[Exercise directions]
Word for word, restate the listing that follows and leave out the images.

[Information supplied]
_____

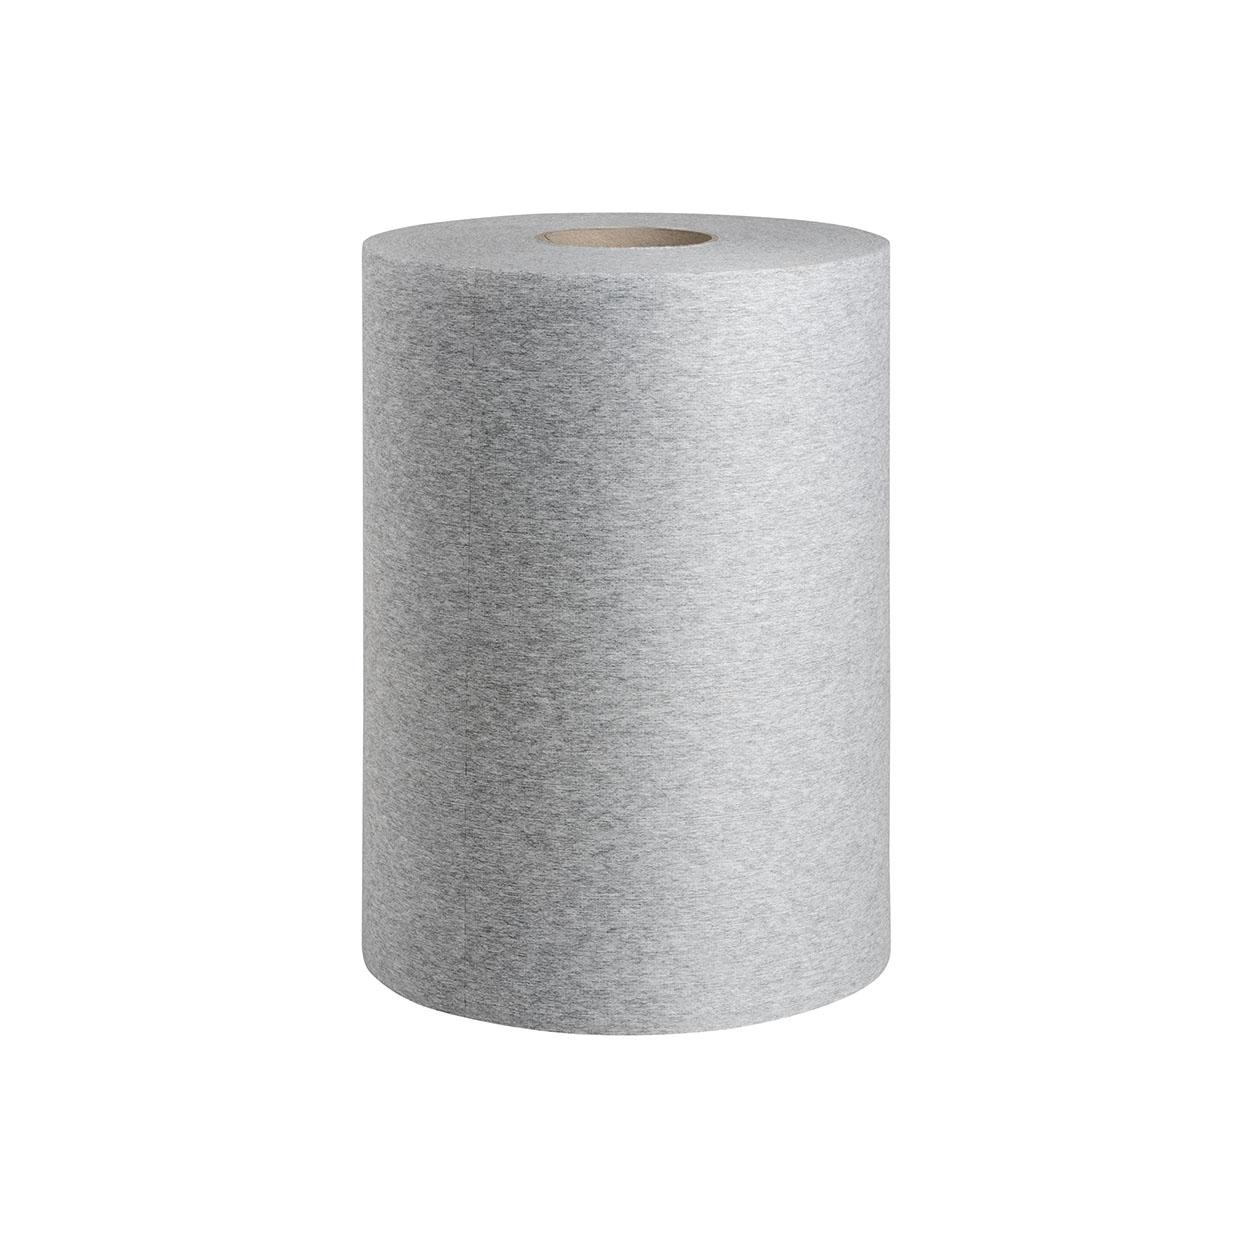 Univerzální průmyslová utěrka z netkané textilie GREY
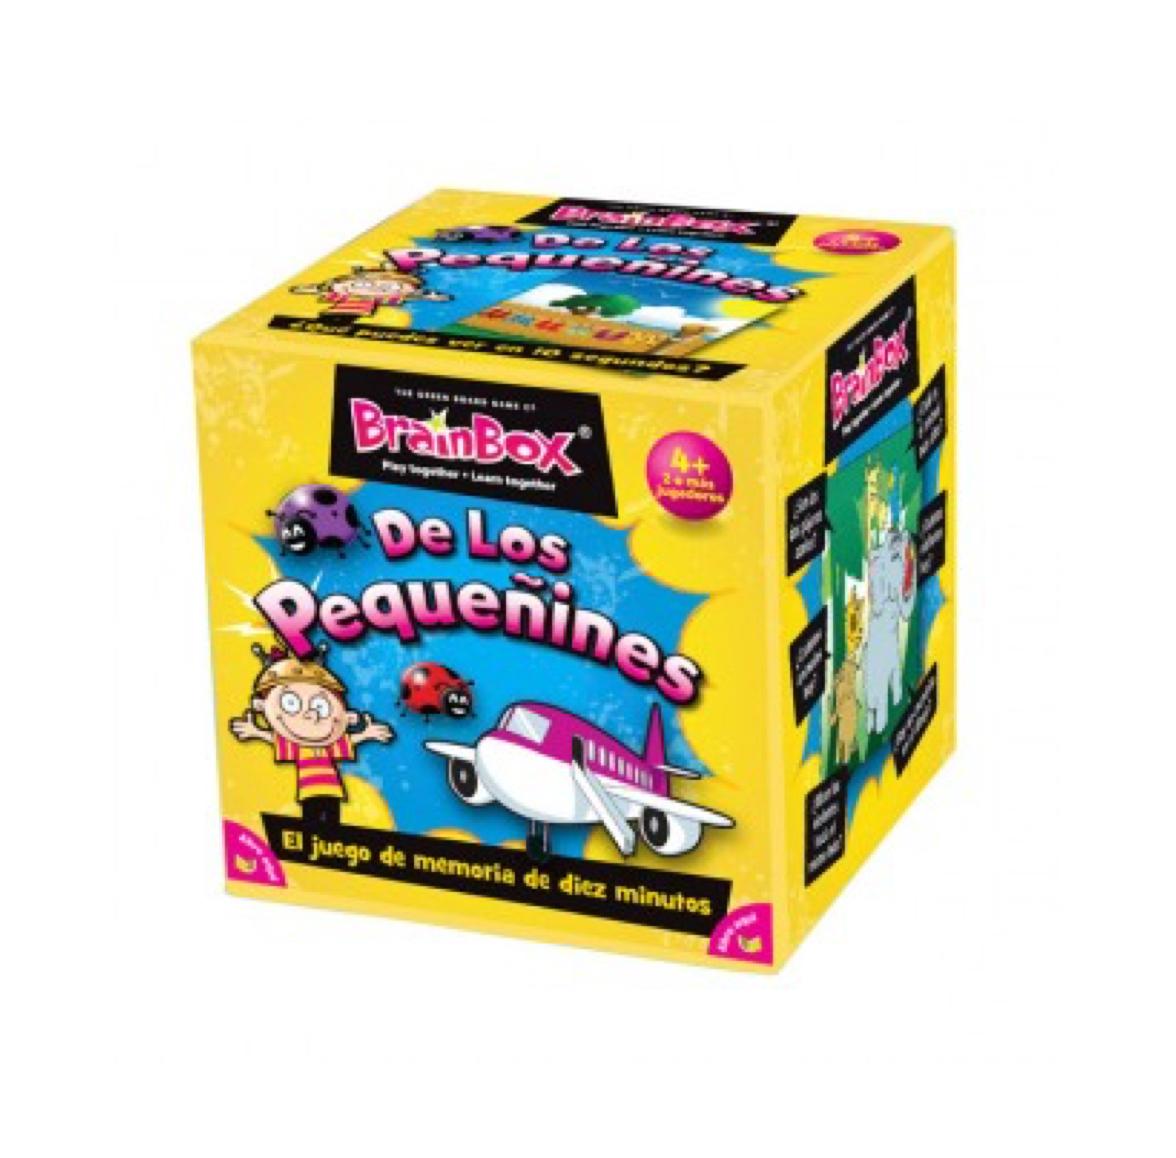 juego-de-memoria-de-los-pequeñines-de-brainbox-en-el-mundo-de-mico
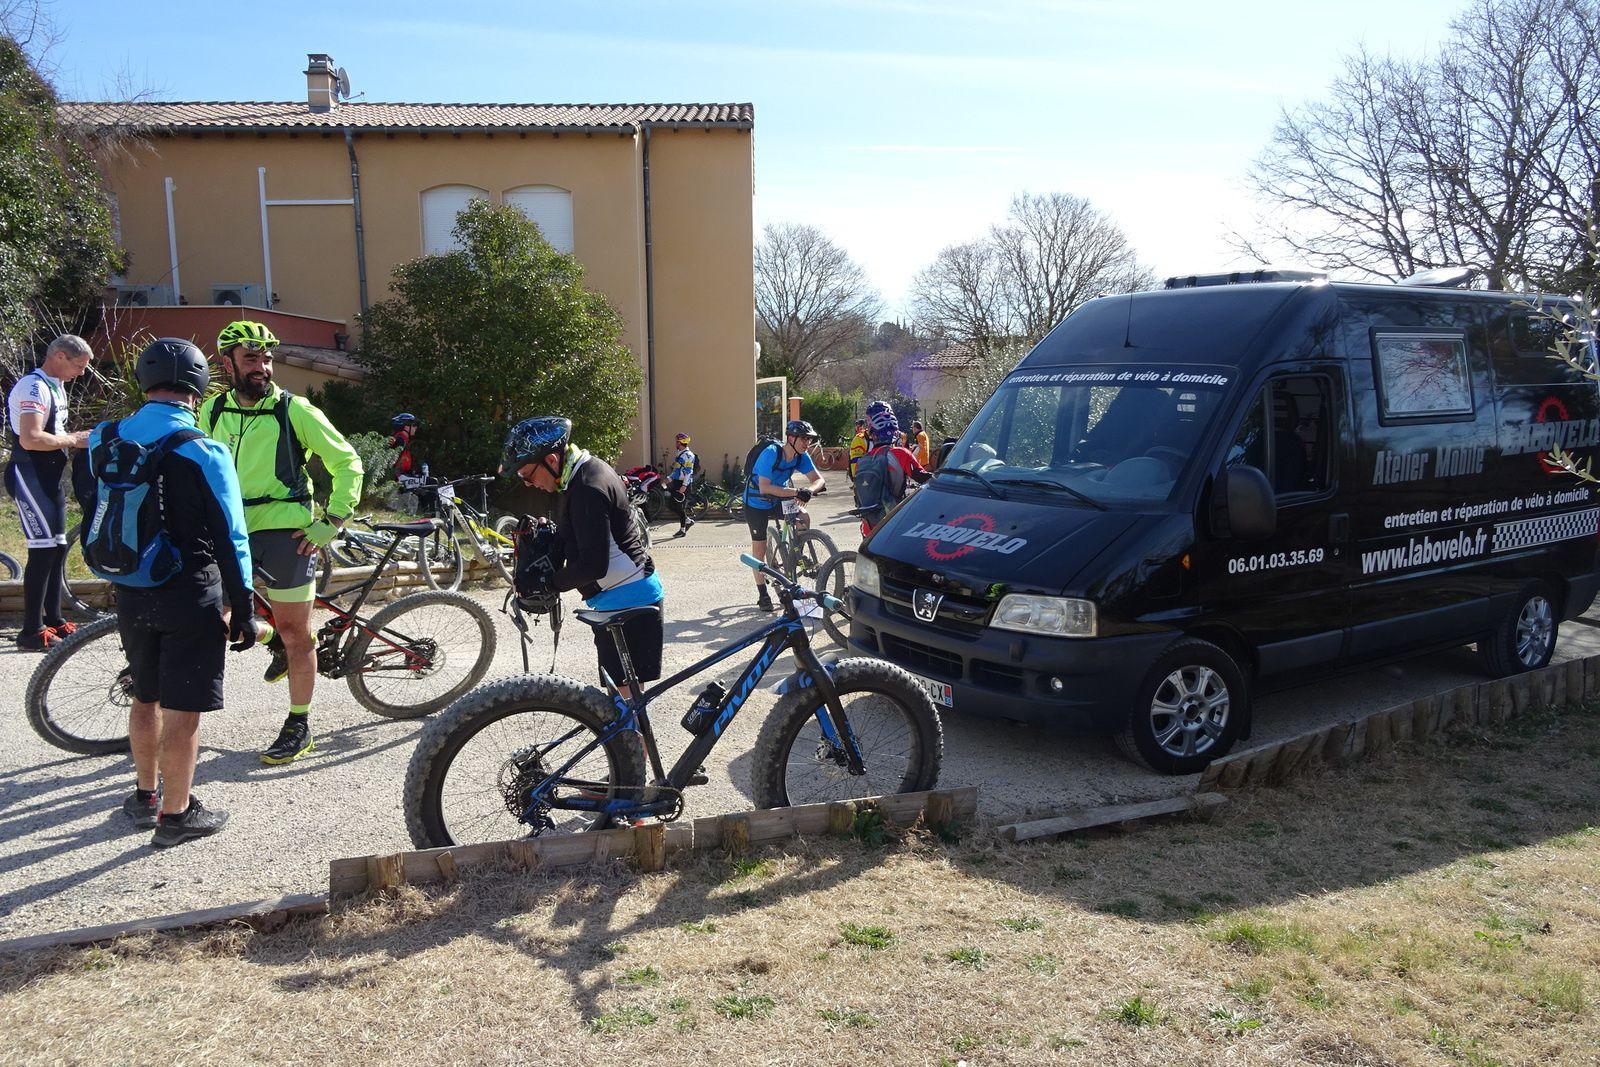 Un docteur vélo est sur le ravitaillement en cas de problème. Peu de photos car parcours assez exigeant. 1 ravitaillement sur 58 km, un peu juste !

_____

[Finished exercise]
 Univerzální průmyslová utěrka z netkané textilie GREY
 juego-de-memoria-de-los-pequeñines-de-brainbox-en-el-mundo-de-mico
 Un docteur vélo est sur le ravitaillement en cas de problème. Peu de photos car parcours assez exigeant. 1 ravitaillement sur 58 km, un peu juste !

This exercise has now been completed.